ATLANTA, Georgia – Democratic Senate candidate Michelle Nunn and Republican David Perdue hammered away at each other in a debate Sunday over Perdue’s outsourcing work and Nunn’s ties to President Obama, just days before voters go to the polls in what surveys indicate is one of the closest races in the country.
The energy outside the debate site was noticeably high, with dozens of supporters lined up around the block cheering on their candidates with Nunn and Perdue signs.
Just as she did in their previous debate, Nunn brought Perdue’s testimony up early and repeated it often on Sunday.
“When, I think about this race I think about a real contrast that we have and it is between someone who spent their life right here in Georgia for 26 years mobilizing volunteers and building communities and someone who, by their own words has spent their career, the majority of it, outsourcing jobs,” Nunn said.
Perdue said some of the outsourcing claims were false and that his work in Asia at companies like Sara Lee entailed production overseas that was not necessarily tied to American operations.
“[The testimony] never says I outsourced jobs, not one time,” he said.
But Perdue has openly defended some unambiguous outsourcing moves in the past, such as his decision to shift clothing production overseas while an executive at Haggar’s to cut costs.
“We very definitely looked at trying to maintain as much volume as we could [in America],” Perdue told msnbc in April. “The problem was if you looked at the cost sheet of a product made in Mexico versus a product made in South Texas … the Mexican product had an advantage.”

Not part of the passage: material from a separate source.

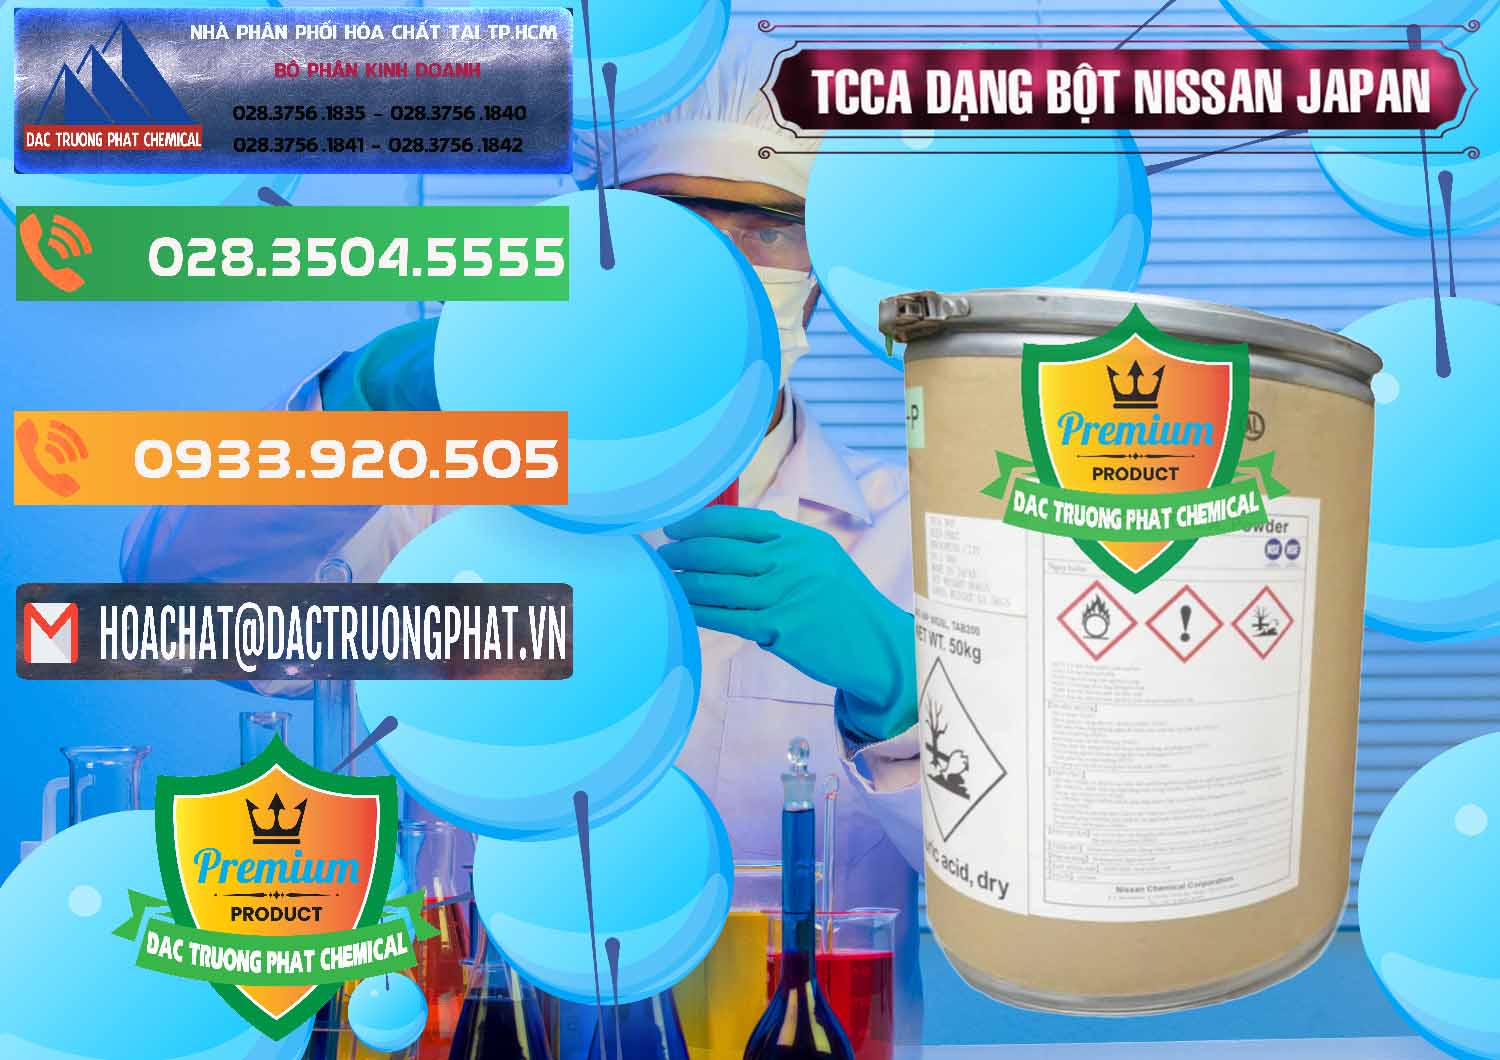 Cty chuyên bán - phân phối TCCA - Acid Trichloroisocyanuric 90% Dạng Bột Nissan Nhật Bản Japan - 0375 - Cty chuyên cung cấp và kinh doanh hóa chất tại TP.HCM - hoachatxulynuoc.com.vn

While he was not as direct on Sunday, he did suggest that attacks on outsourcing were naïve in the context of broader economic pressures. He noted during the debate that he had successfully added thousands of American jobs as CEO of Dollar General largely by selling cheaper products made overseas.
“At Dollar General we created almost 20,000 jobs in about four years and yet we outsourced almost every product we sold in our stores,” he said. “I am proud of the fact that we helped our customers get from payday to payday.”

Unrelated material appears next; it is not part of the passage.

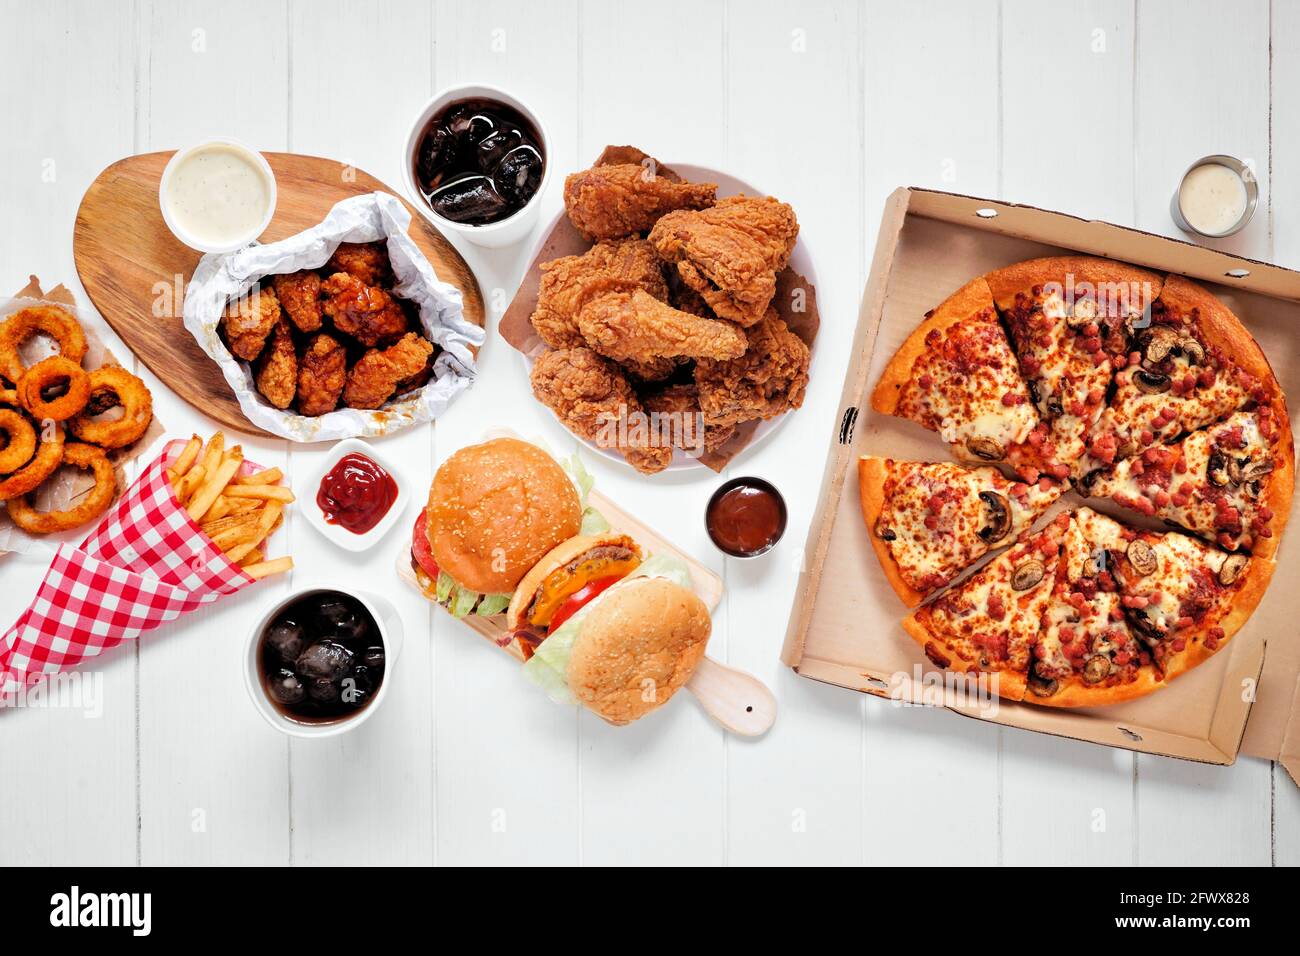 Tischszene mit großer Auswahl an Take-Out- und Fast-Food-Gerichten. Hamburger, Pizza, gebratenes Huhn und Beilagen. Draufsicht auf weißem Holzhintergrund. Stockfoto

Just as Nunn was eager to turn the topic to outsourcing, Perdue was aggressive in trying to tie his opponent to President Obama.
“Now as you support Obamacare, Common Core, higher taxes, amnesty, and the economic policies that have failed and actually generated more people out of work now than at any time since Jimmy Carter, isn’t a vote for you just a vote for Barack Obama?” Perdue asked Nunn.
Nunn said she disagreed with the president on a number of issues, including her support for rapid approval of the Keystone pipeline, her concern about the debt, and her opposition to cuts to defense spending, but favored him on issues like raising the minimum wage.
“I’ve probably spent maybe 45 minutes of my life with President Obama,” she said. “I spent seven years running President George H.W. Bush’s Points of Light Foundation.”
Nunn stressed over and over again her willingness to work with the other side in the Senate, accusing Perdue of being too focused on attacking Obama and Democrats to do so himself.
“I don’t think its about prosecuting the other party, I think it’s about problem solving,” she said.
“When you have a failed presidency you have to prosecute it because we deserve better then we’re getting right now,” Perdue responded. “The problem is when we look at the direction of this country we got to make a hard right hand turn.”
Both candidates come from political families – Nunn’s father is former Senator Sam Nunn and Perdue’s cousin is former governor Sonny Perdue – but are running as an outsiders based on their impressive resumes outside of government. Nunn ran George H.W. Bush’s Points of Light Foundation, a volunteer organization, while Perdue spent decades in business leading companies like Dollar General and Reebok.
Perdue told reporters after the debate that the “hard right hand turn” was “a metaphorical statement, not a political statement.”
Polls show Swafford picking up an average of 3.8 percentage points in the race. She could potentially play a major role even at that level of support, because Georgia law requires a January runoff between the top two vote getters if no candidate cracks the 50% mark on election day.